'''
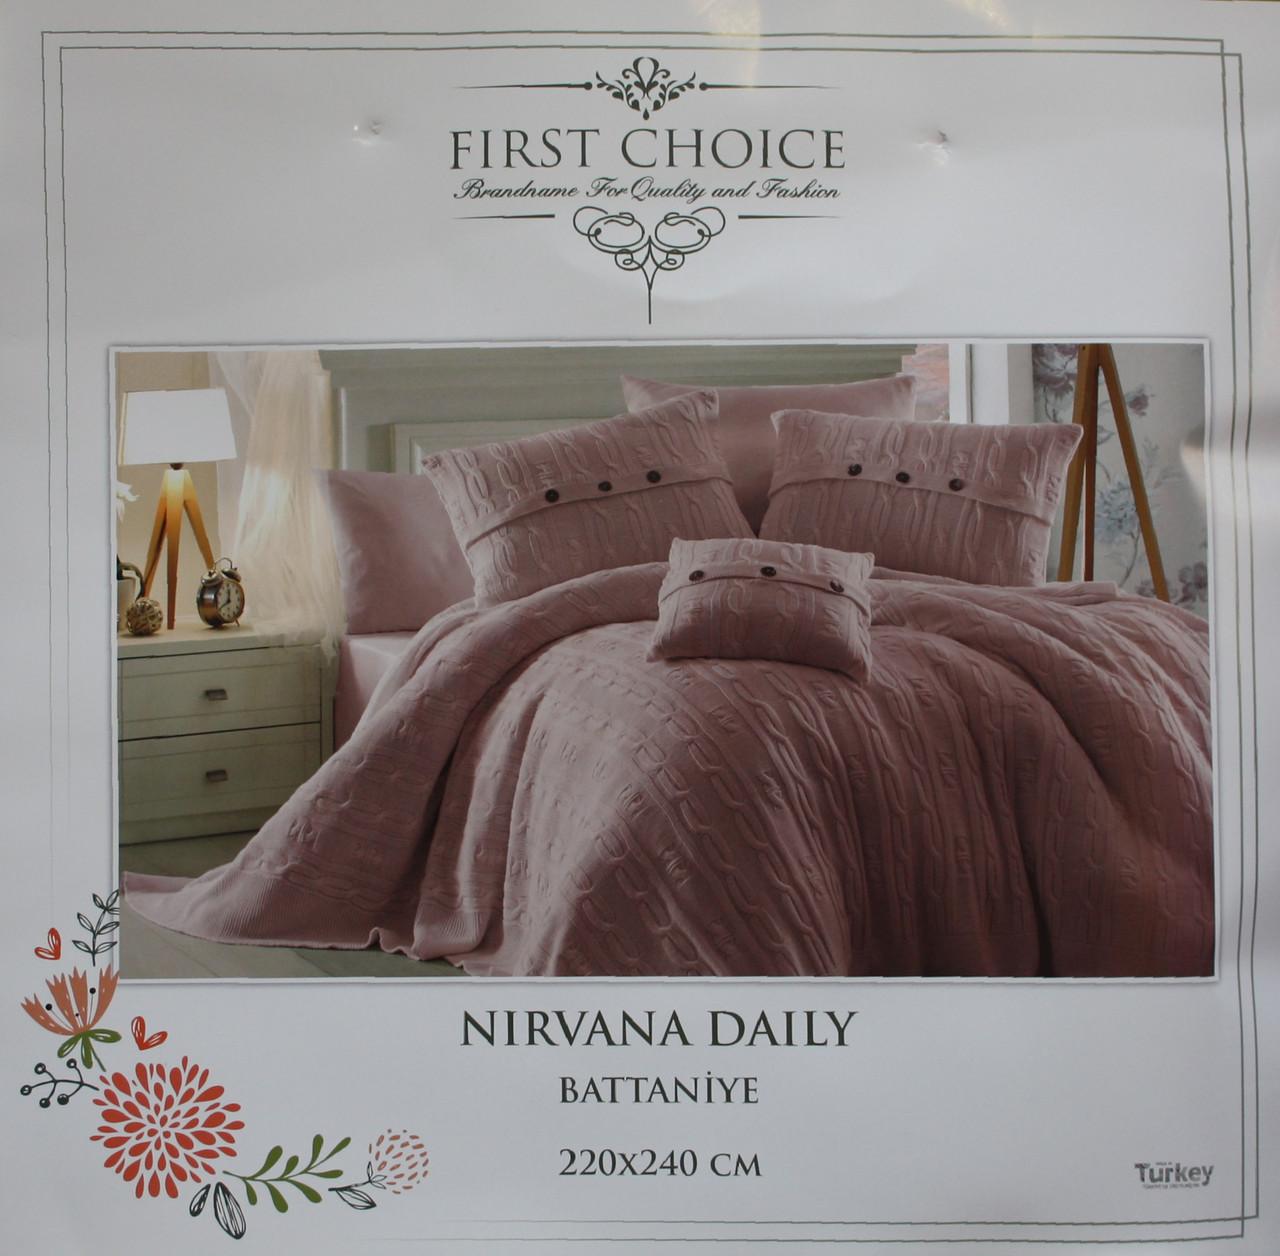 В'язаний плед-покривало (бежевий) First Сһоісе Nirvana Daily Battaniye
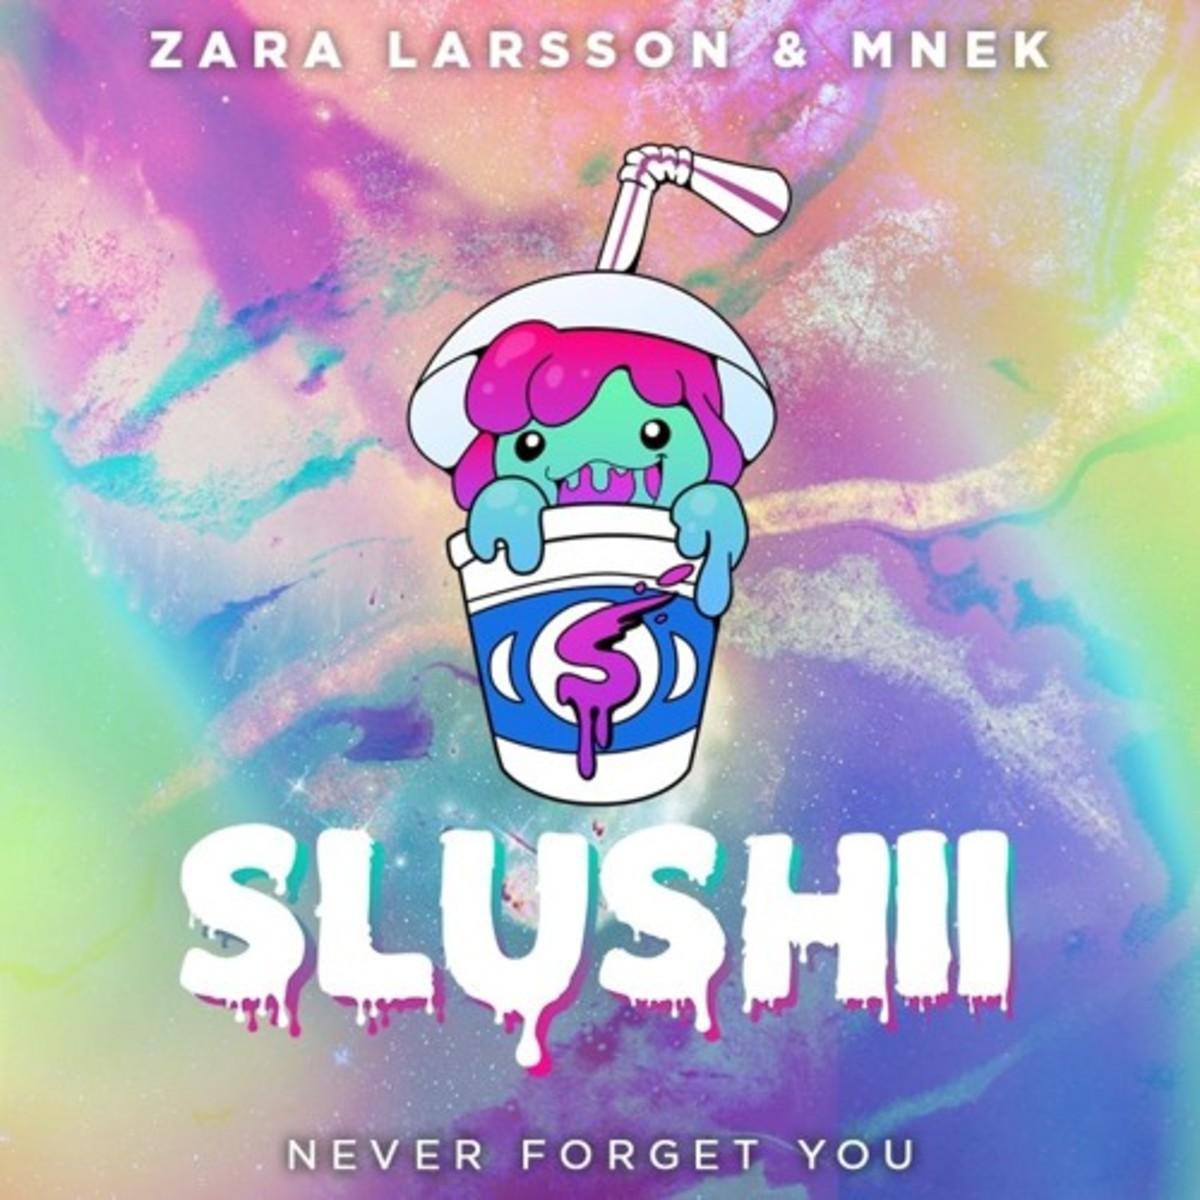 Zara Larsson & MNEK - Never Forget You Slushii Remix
'''
'''
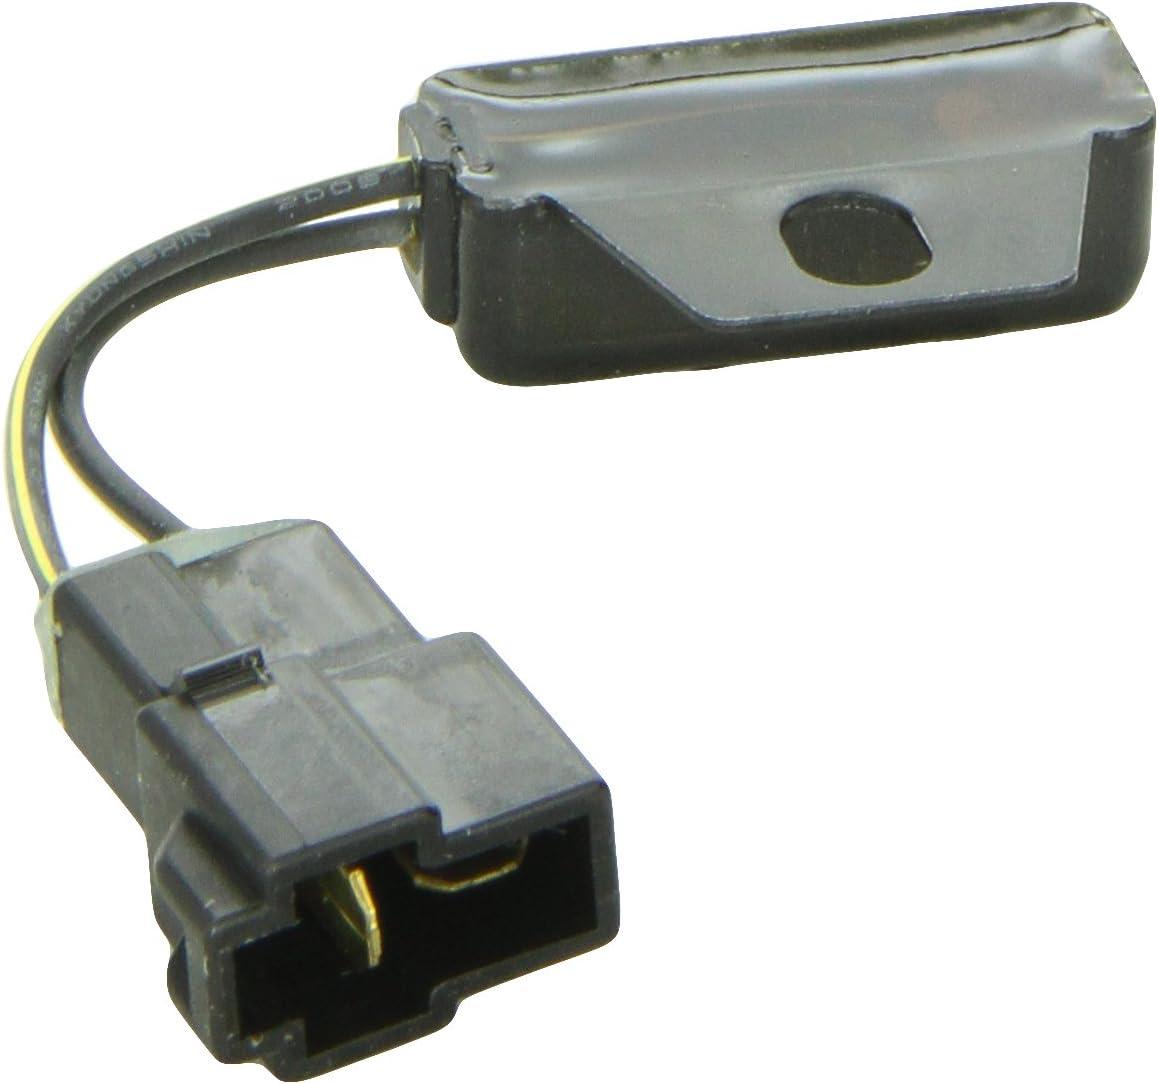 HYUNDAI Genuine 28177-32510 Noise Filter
'''
Task directions: Go down the entries above from the line containing "В'язаний плед-покривало (бежевий)" to the line containing "Zara Larsson &" and write out each line exactly, leaving pictures out.

Written answer:
 В'язаний плед-покривало (бежевий) First Сһоісе Nirvana Daily Battaniye
 Zara Larsson & MNEK - Never Forget You Slushii Remix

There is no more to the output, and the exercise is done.